Post by mikhailv » 14 May 2013, 14:07

Vlad-SRB wrote:
mikhailv wrote:
Vlad-SRB wrote:Tyres influence racing just too much. Today's race was the best proof of that. This is not the F1 I want to see.

Because it dont suit your team :zz:

Tell me a season where tyres were never important regarding which manufacturer, which wet tyre, which compound worked better, why a team couldnt switch a tyre on.

I was most gutted about Mercedes, to be honest. It was really a bad thing to see. And yes, I still don't change my opinion. tyres are just too influential in this part of the season. I hope they'll change it.
But tyres have always been influential. Always in Formula 1. On the right tyre? Make the tyre last? What stint do you use the tyre? How do I drive on the out lap? How do maintain a relative pace? Which tyre manufacturer do I go with? Do I design my car around a harder bridgestone or do I go for a softer Michelin which likes understeer?

Tyres have ALWAYS been heavily influential in Formula 1. ALWAYS. Anyone who says, like yourself, that tyres are too influential is bias and blind to the past 13 years minimum. Were you moaning about Bridgestone having superiority by getting tyres specifically for Ferrari, the rest of the bridgestone users being given secondary tyres? Alternatively, did you moan about Michelin being better in 2005 and 2006?

Zero equality and parity between teams there. Tyres influenced whether you even stood a chance of fighting for the WDC let alone whether you would get THE best tyres from that manufacturer.

Its people whinging because their team is losing. Simple as. I didn't berate Pirelli because Ferrari couldn't work the hard tyres in 2011. Its down to the design of the car. What did Ferrari do? Hire Hamashima. Solved their problems.

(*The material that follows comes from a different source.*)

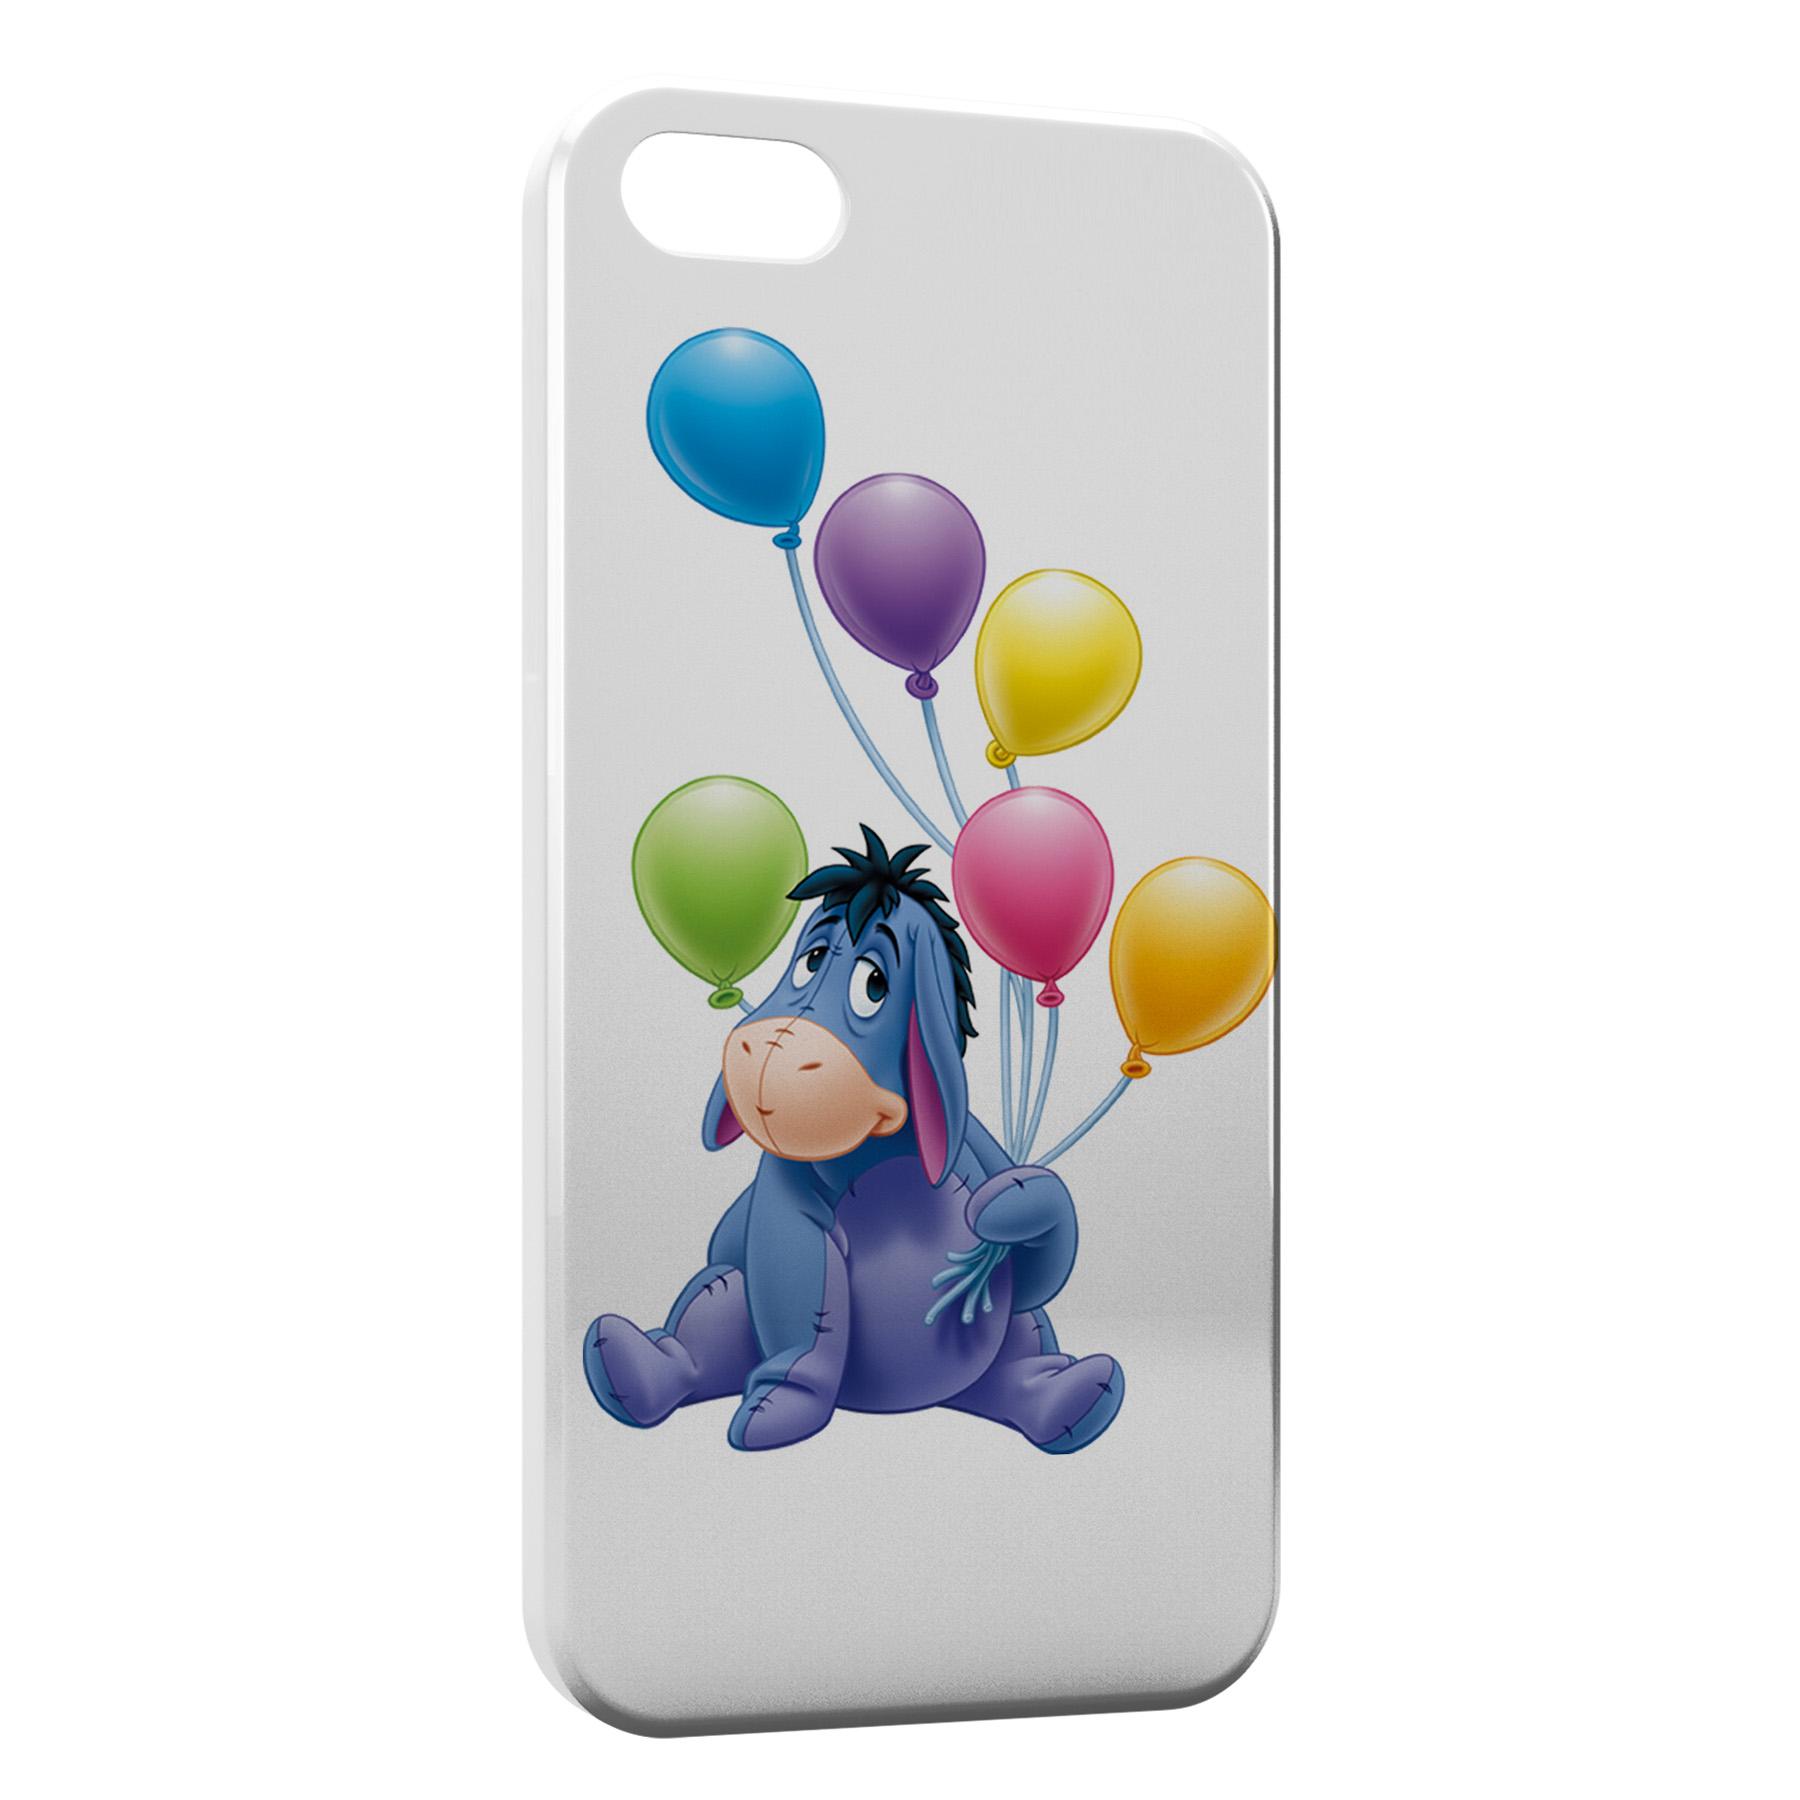 Coque iPhone 4 4S Bourriquet Anniversaire

Formula 1 is about building a race winning car. That means a car that can use its tyres, its engine, its mechanical grip to maximum effect. If the tyres last all race; then its about making an endurance F1 car. If the tyres don't last all race, its about a car which can extract the performance without punishing the rubber.

It used to be about who could nail the manufacturer of tyres best. I remember 2006; Button still struggled with the front right warming up. What did they do? Adapt the suspension, he changed how he warmed the tyres up. Job done.

RBR's problem is they cannot adapt, Newey builds a downforce rocket and is succeptable to straightline speed and tyre degredation. Whats the difference between that and a car which is succeptable to mechanical failures? NONE. Its upto the team to sort its own problems out.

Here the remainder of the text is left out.